I have shown this in the Colchester-Clausing area, but some of you might not read that. Those of you that have seen it, just jump on to the next tread.
Last Christmas I decided it would be a good time to mount my home made QCTP that have been lying almost completed for well over a year.
One of the reasons was I didn't own a 4 jaw chuck, but finally I found the right size for a reasonably price, and although I don't have a back plate for it, I mounted it in the 3 jaw and trued up the center cube for drilling and turning the center hole.
The Colchester's compound had a 54mm or 2 1/8" shaft 50mm high the old toolpost rotated about, but I only had space for a 50mm shaft with a height of 20 mm, so it had to be turned down.
The Colchester couldn't swing the compound, and even if it could, I had no place to mount my tooling, but fortunately, I can borrow the machines at work, and the big manuel lathe had no problems swinging that little compound. 
Here we have a couple of pics showing the almost finished mount, I have been making some height adjusters, and need some milling on the locking shims, that are to be mounted on the eccentrics.





I have 10 more or less finished holders, and the clamping side made in two bars, where I think there can be 6-8 holders made.





Here we have the first ten height adjusters.





The design is based on the Rapid toolpost http://www.rapidoriginal.it/

The original purpose of the cube was as a insert for a plastic injection mould (mold in some regions) but it didn't clean up when it was ground, it was sat aside for another project, but the costumer decided that another material was to be used in the future, this material is Impax supreme, a well known tool steel when you want to avoid hardening.
It's origin is the reason for the threated holes 15 mm from the bottom, they where intended for water cooling, I just have to live with them.
I milled two slots on each side, the cube was put in the wire cutter, and all corners were cut in one setup, leaving it very accurate at the mounting areas. 

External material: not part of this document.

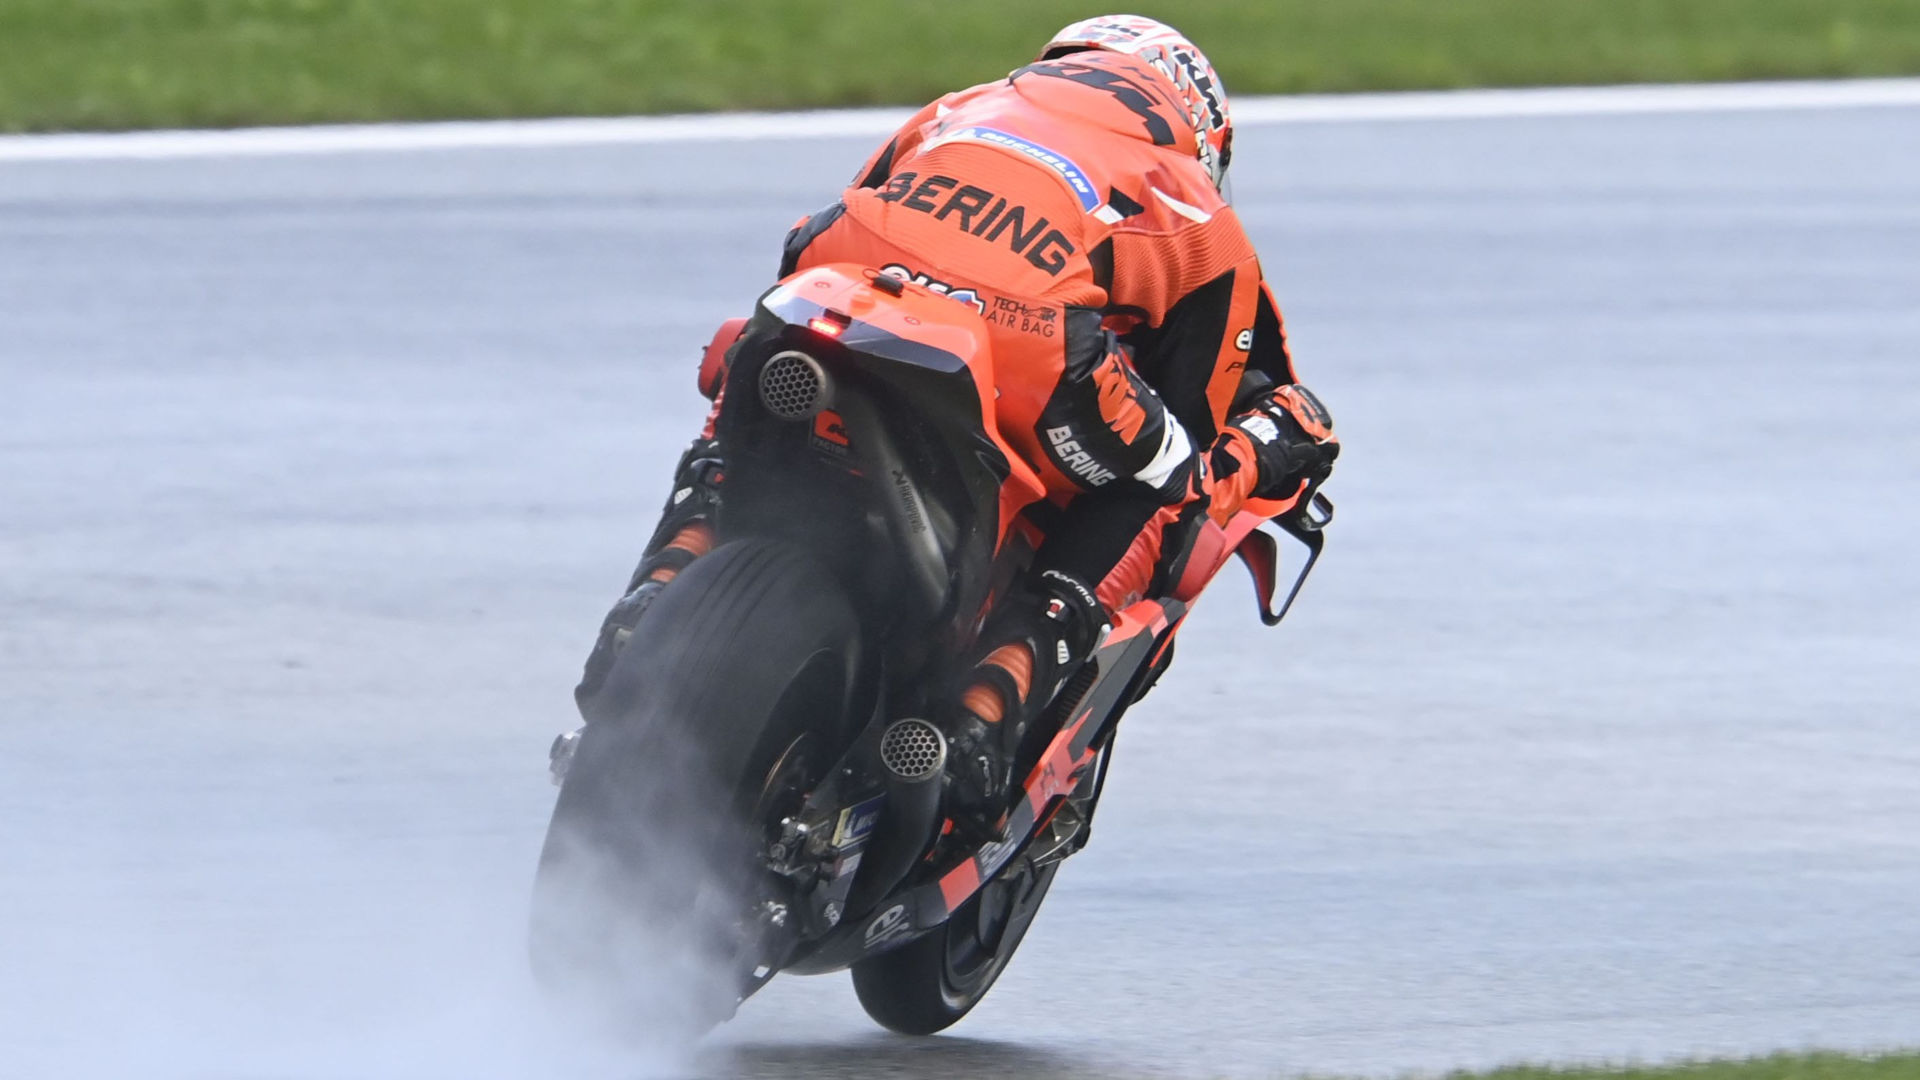 Iker Lecuona in action in the wet. Photo courtesy KTM Factory Racing Tech3.

I am keeping the original spindle, because it have a nice feature, when tightening the cube, a spring loadet dowel pin with a tapered end is released, centering the cube at the right angle, and securing it from turning under heavy load. The opposite hole is for a spring loaded ball for helping centering the cube before tightening.

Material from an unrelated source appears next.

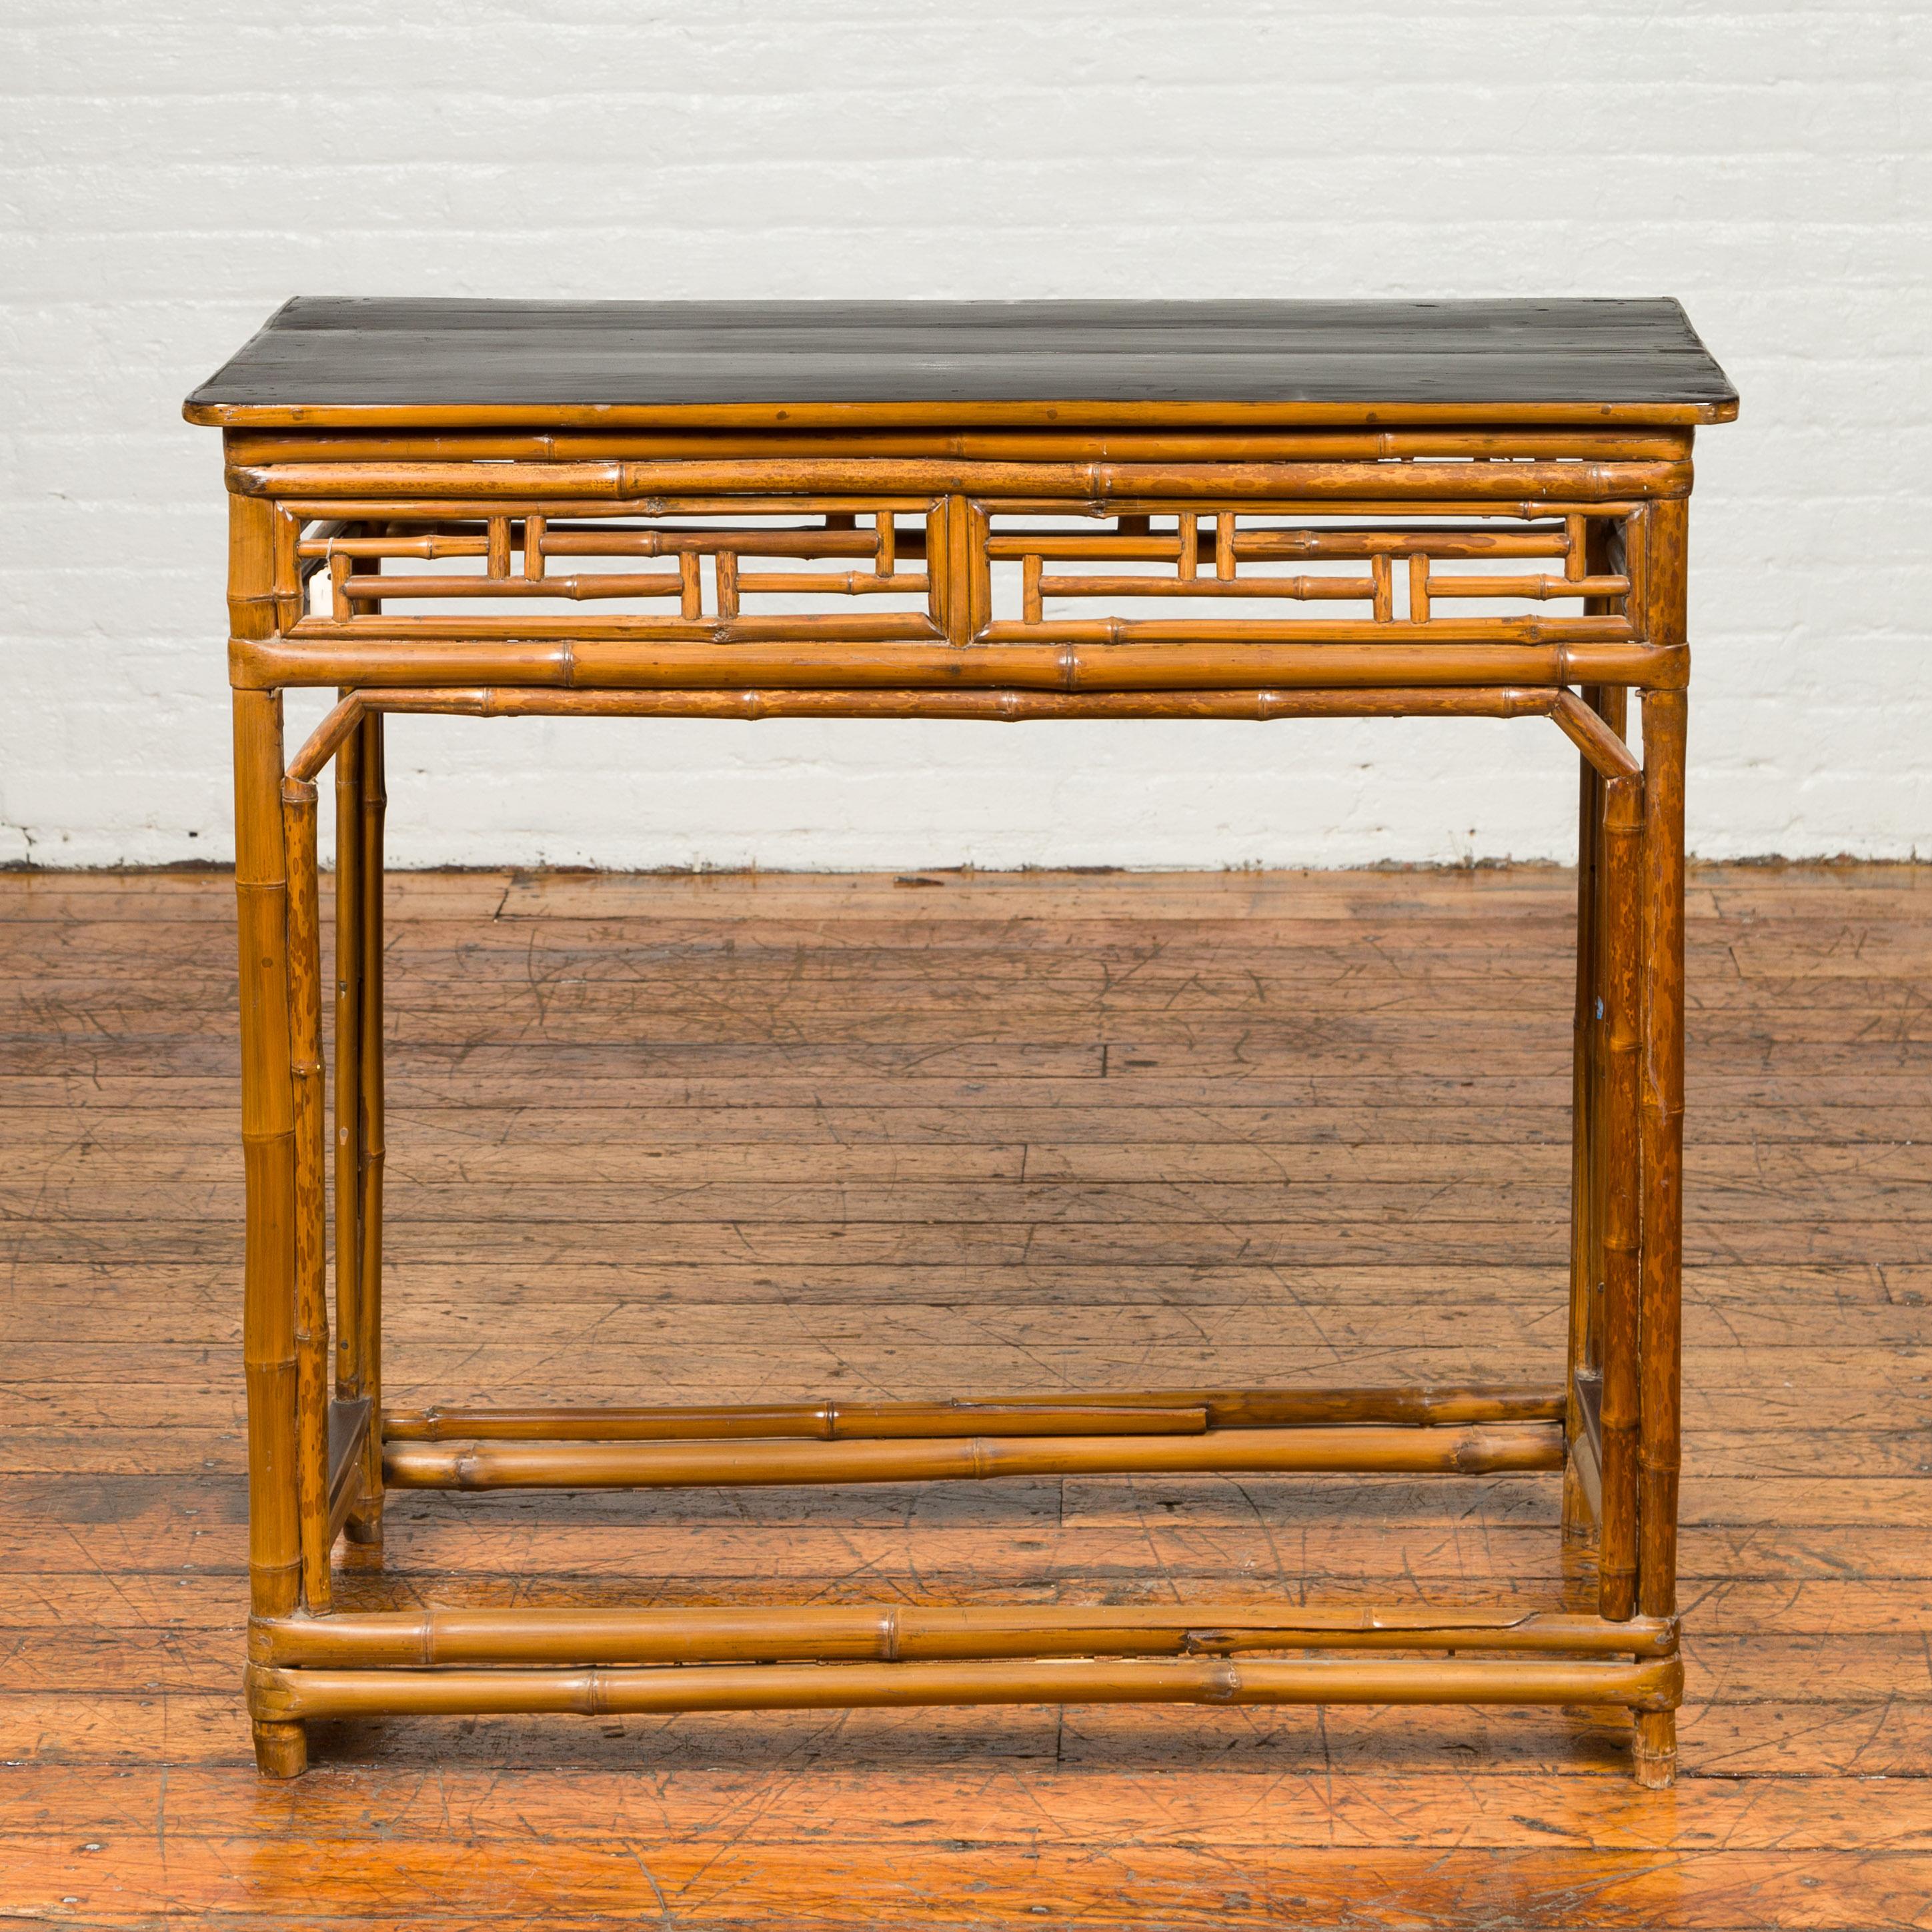 A Chinese Qing dynasty bamboo altar console table from the 19th century, with black lacquered top and geometric motifs. Born in China during the 19th century, this altar table features a black lacquered rectangular top sitting above a bamboo base

I have a 7mm thick shim under the cube, here will be made tapered holes for the locking pin, four holes for zero, 90, 180 and 270 degrees, on the two opposite sides, there will be holes made at 30 and 60 degrees, and the two other sites, 45 degree holes will be made.
If I had to make all the holes on each side, they would interfere with each other

I had to mill some grooves on the locking rings, but i haven't got a rotary table, and my mill isn't working yet, so I had to use the lathe for milling.
I mounted a 20mm shaft in the toolholder with the V-groove at the bottom, I used a piece of 5 mm plate from the scrap bin, and drilled a couple of pilot holes for the spanner bolts, they have a point at the end, that fits the pilot holes, so the plate stays in place when the shaft is turned.

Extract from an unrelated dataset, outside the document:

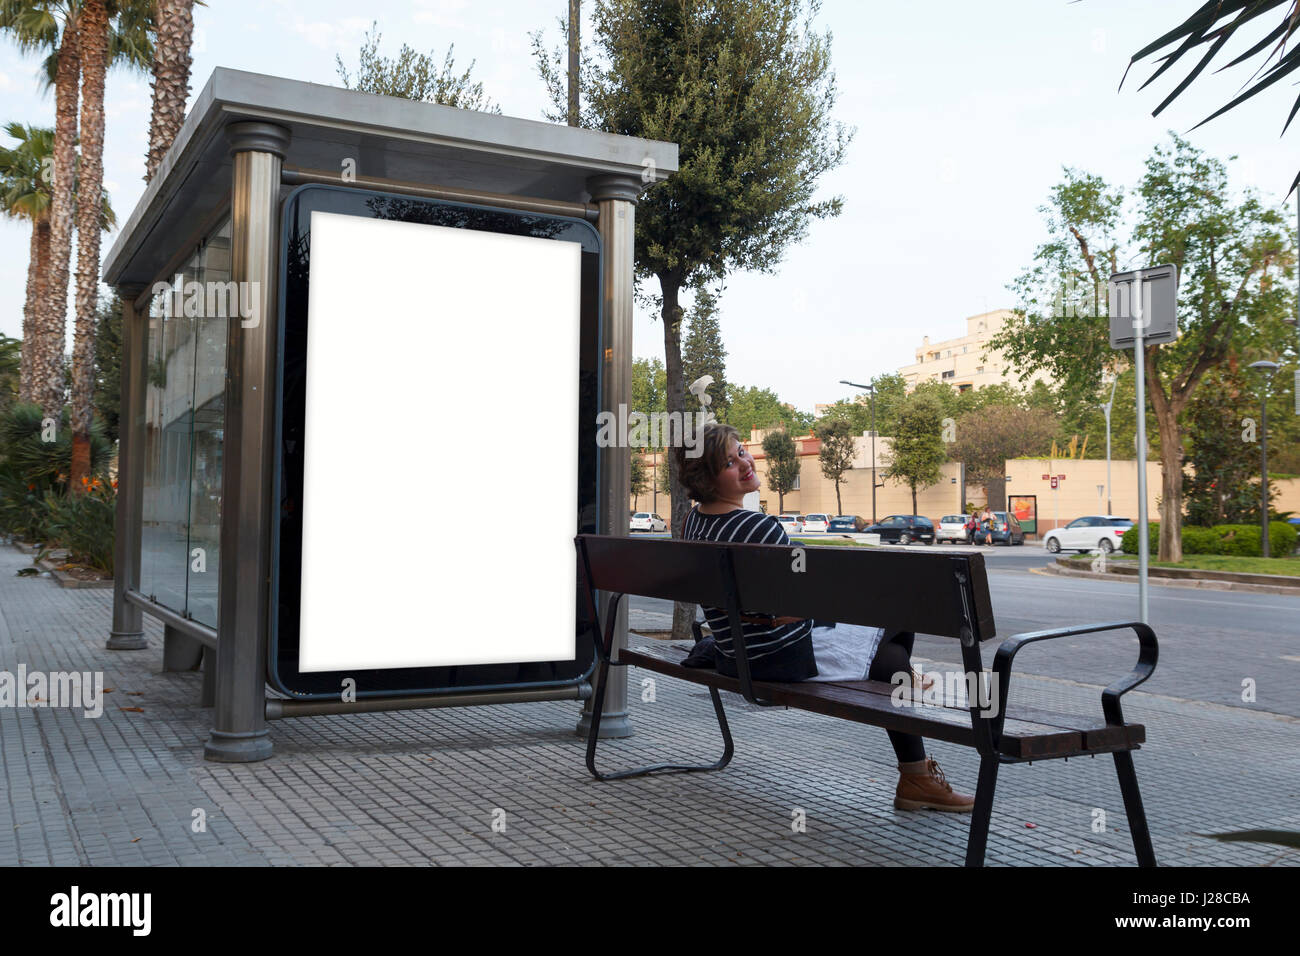 Blank billboard mock up, with a young woman sitting in a bench Stock Photo

A small vice got the job as handle to turn the shaft.





The touchDRO was of little use for this setup, just showing the cut depth, but a label on the shaft with lines for start and stop points was perfect for the job.



 

Here tree is in place, and the fourth is ready to leave the shaft.


----------



## Silverbullet (Mar 20, 2016)

I have this same type and I like it mine came from enco many years ago. I lucked into it from an eBay deal. I had been looking at qctp and different models. The only one that was perfect I just couldn't come up with there cost the ones with 40 positions that's almost round like abom79 uses. Those I think are Swiss but not certain . I will make a few of the tool holder to some day. Lots of things left to do, if I ever get them done ill be a hundred and twenty years old I think. Yupp I like your lathe and your tool post set up . Thanks


----------



## Holt (Mar 20, 2016)

Silverbullet - Thank you for your kind words, they are much appreciated.
I know exactly what kind of QCTP you are referring to, its the Multifix, we have them on three of our four manual lathes at work, and I would love to have one on my Colchester, but I would have to buy  all of it, because I think making them myself is beyond my skills. If I were to buy 15-20 holders, it would be quite expensive.
I have a link to a company that claims to sell the original model, but it is quite difficult to find its exact origin, it seems to be a French design manufactured in the Swiss, but today, a German company claims to manufacture the original ones.  http://www.createtool.com/list.asp?cid=33  and then there is a lot of clones around as well.


----------



## T Bredehoft (Mar 20, 2016)

Holt said:


> A small vice got the job as handle to turn the shaft.



Nice, make-do should be the more common practice.


----------